## Bertalign

`https://github.com/bfsujason/bertalign`

Bertalign is a sentence alignment module for creating parallel corpora and translation memories. It uses multilingual sentence transformer models to align bilingual sentences and documents. Refer to the following paper for details:

`https://academic.oup.com/dsh/article-abstract/38/2/621/6965034`

I've forked the above and made certain modifications to improve sentence tokenization for Chinese.
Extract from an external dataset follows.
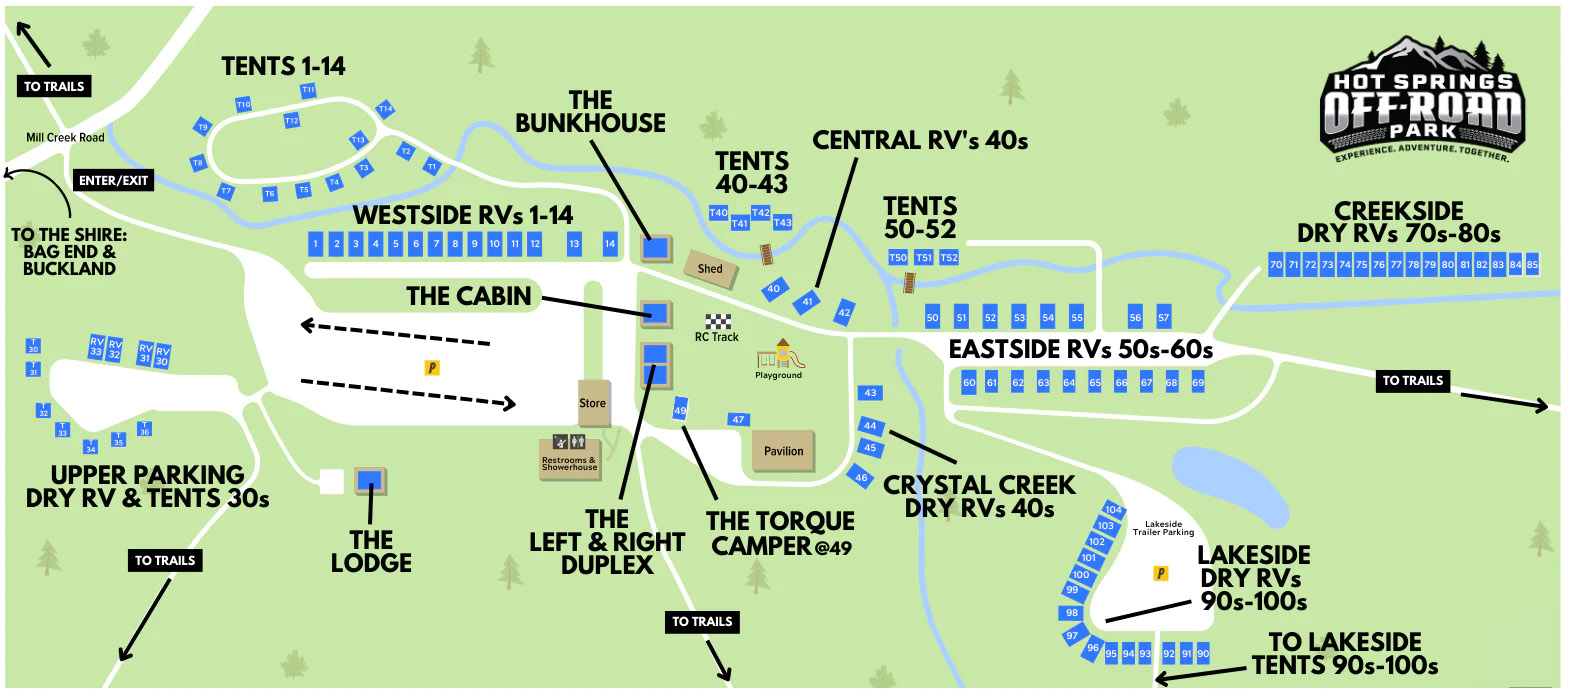 hot springs off-road park map

It's available from:

`https://github.com/ruben-tsui/bertalign`

## User inputs: input file names, source and target languages, `max_align` parameter

In [None]:
#### USER INPUTS ####
# (1) Your source and target input file names must conform to the format:
#     sample.en.txt
#     sample.zh.txt
#     and you will enter the base file name as follows
base = '/content/MonteCristoTome1'

# (2) Source and target languages (check ISO 689-1 for language codes)
src_lang = 'zh'   # source language, e.g. en, zh, es, fr, de, ja, it
tgt_lang = 'fr'   # target language

# (3) Considers all "N sentences-to-M sentences" alignment, N + M <= max_align;
#     The larger this value, the longer it will take to complete the alignment.
max_align = 9

#### DO NOT CHANGE THE FOLLOWING ####
# input files (source and target texts)
fin_src  = f'{base}.{src_lang}.txt'
fin_tgt  = f'{base}.{tgt_lang}.txt'
# output (aligned) file (plain text and Excel)
fon_txt  = f'{base}.bertalign.n{max_align}.{src_lang}-{tgt_lang}.txt'
fon_xlsx = f'{base}.bertalign.n{max_align}.{src_lang}-{tgt_lang}.xlsx'

In [None]:
!rm -rf bertalign/

In [None]:
!git clone https://github.com/ruben-tsui/bertalign

Cloning into 'bertalign'...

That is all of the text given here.